Differences between fresh and cryopreserved PBMCs from 9 individuals with an urban background (African: n = 5; Caucasian: n = 4) were compared. (A) Fresh and cryopreserved monocytes as frequency of live gated population. Monocytes from fresh PBMCs show a significantly smaller proportions of monocytes in comparison to cryopreserved PBMCs, measured non-parametrically with Wilcoxon Signed Ranks Test (z = −2.67, p = 0.004). (B) Mean and SEM of proportions of the five subsets in fresh and cryopreserved preparations. 1: regCD14; 2: dpCD14; 3: HLADRhi; 4: dpCD16; 5: regCD16. Open bars: fresh PBMCs; closed bars: cryopreserved PBMCs. There are no significant differences in proportions dependant on preparation method (measured non-parametrically using the Wilcoxon signed ranks test).

Fig. 5

Differences observed in cell surface phenotype between fresh (open bar, n = 9) and cryopreserved (closed bar, n = 9) preparations of cells. (A) CD14, (B) CD16, (C) HLA-DR, (D) CCR2 and (E) CX3CR1. 1: regCD14; 2: dpCD14; 3: HLADRhi; 4: dpCD16; 5: regCD16. Significant differences (p < 0.05) are from nonparametric Wilcoxon signed rank test and are indicated with *.

Fig. 6

Top Panel (A)–(C) representative CD14/CD16 dot plots of monocytes from (A) a rural African donor, (B) an urban African donor and (C) a Caucasian donor.
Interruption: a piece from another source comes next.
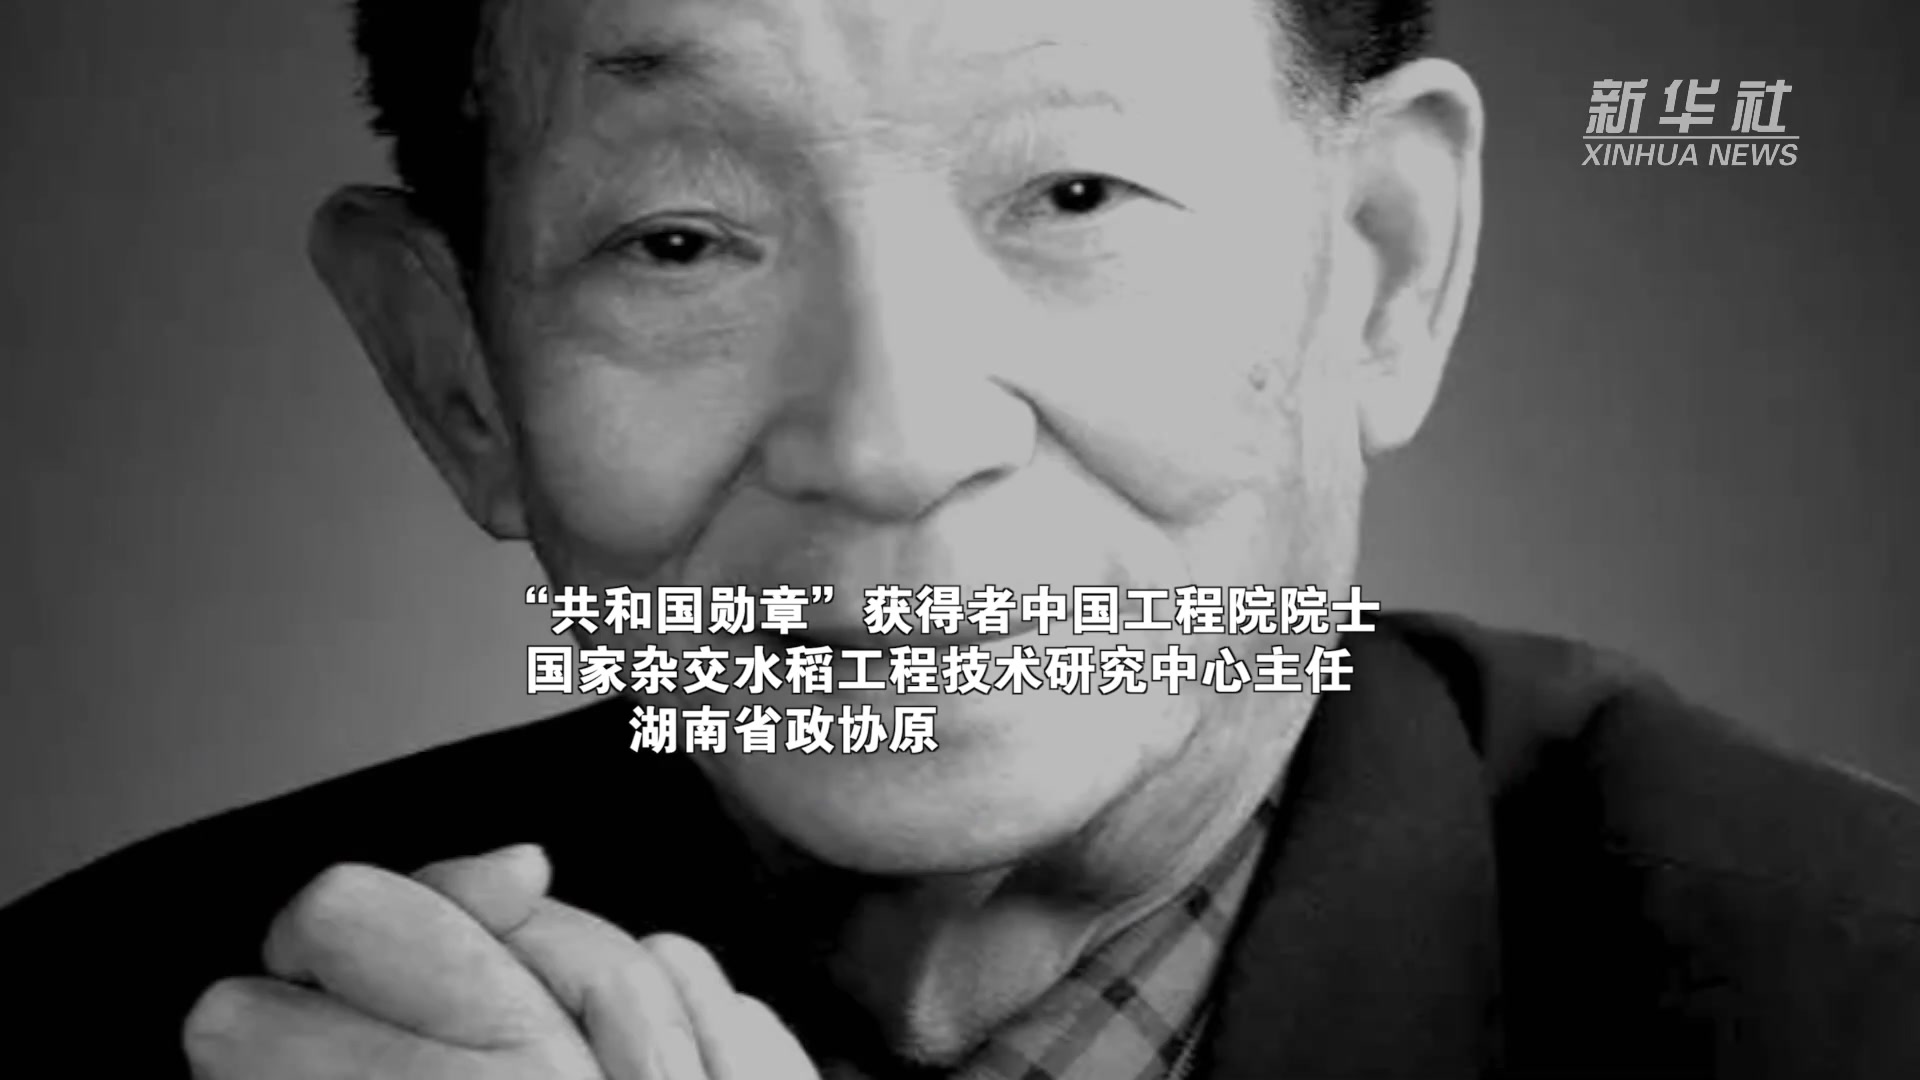 沉重悼念 “水稻之父”袁隆平 因多器官功能衰竭逝世 享年91岁
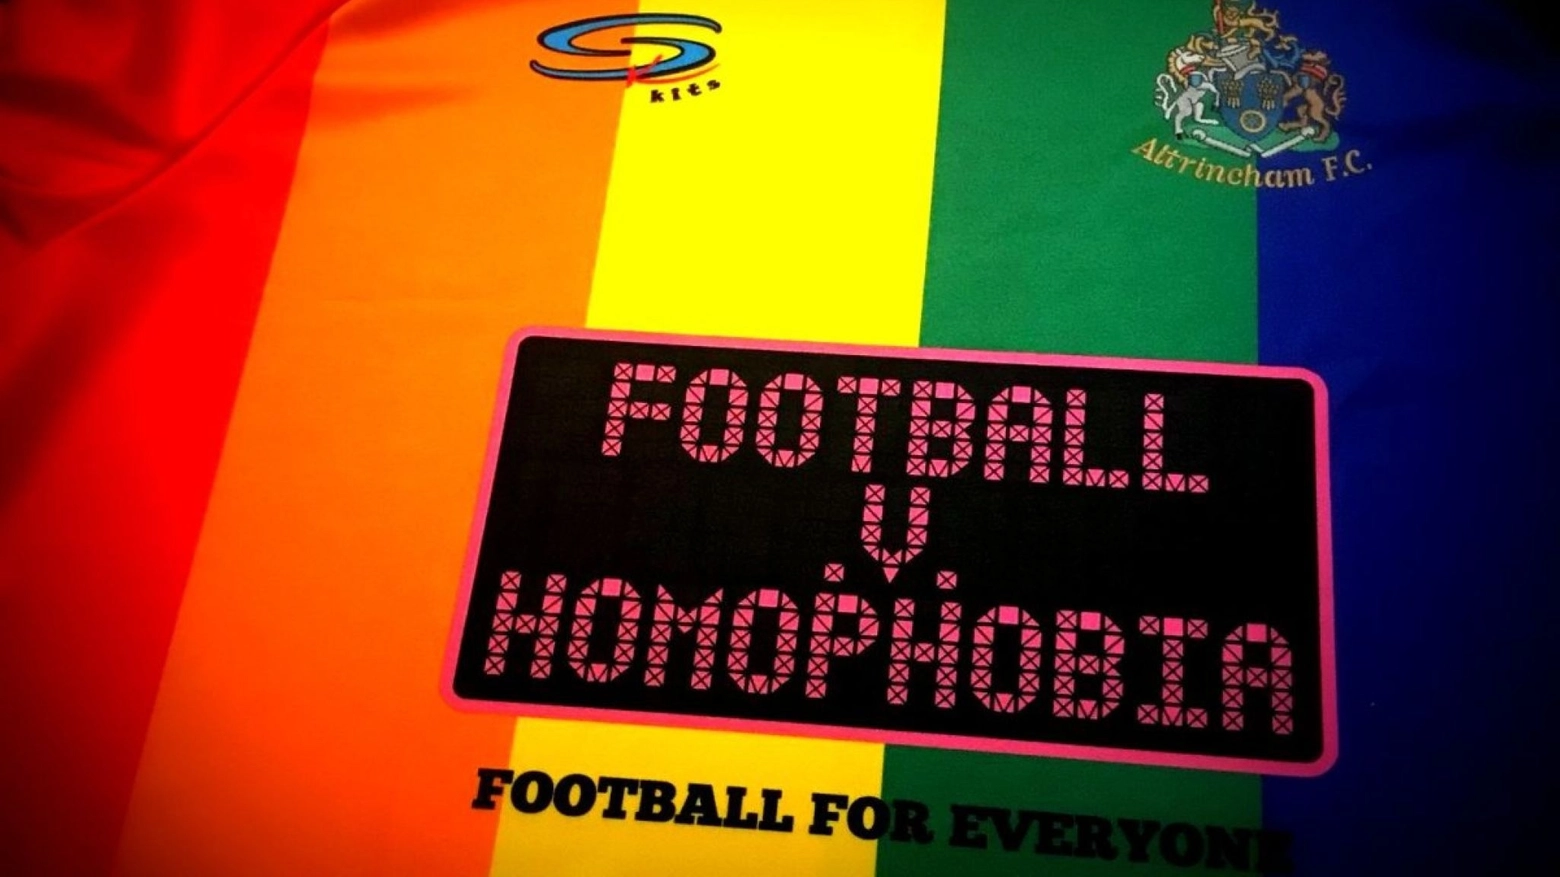 Molti ritengono che il calcio professionistico nel Paese sia profondamente omofobo. Per il segretario di Stato Roth “Viviamo nell'era del matrimonio per tutti, è giunto il momento del coming out". Intanto l'Allianz Arena si illumina con i colori dell'arcobaleno

Cells are gated according to the strategy described in Fig. 1. Bottom panel (D) Bar graphs illustrating the differences in mean and SEM of monocyte subset proportions between rural Africans (n = 21, filled bars), Africans from urban environments (n = 5, grey bars) and Caucasians (n = 21, open bars). 1: regCD14; 2: dpCD14; 3: HLADRhi; 4: dpCD16; 5: regCD16. P values are from the Mann–Whitney test with an applied Bonferonni correction. Significant p values (p < 0.0167) are indicated with *.

Fig. 7

Mean expression levels of surface markers between rural Africans (closed bars, n = 21) and Caucasians (open bars, n = 21) based on surface marker by subset. (A) HLA-DR, (B) CCR2, (C) CX3CR1. 1: regCD14; 2: dpCD14; 3: HLADRhi; 4: dpCD16; 5: regCD16. Significant p values from Mann Whitney test are represented by * (p ≤ 0.05) and ** (p ≤ 0.001).

Fig. 8

Antibody responses of rural Africans (closed circles, n = 15) and Caucasians (open squares, n = 16) to parasite antigens. (A) IgM and (B) IgG response to malaria schizont. (C) IgM and (D) IgE responses to S. haematobium adult worms (SWAP) as measured by ELISA. Significant p-values are from Type I sequential sums of squares and are indicated with * (p < 0.05).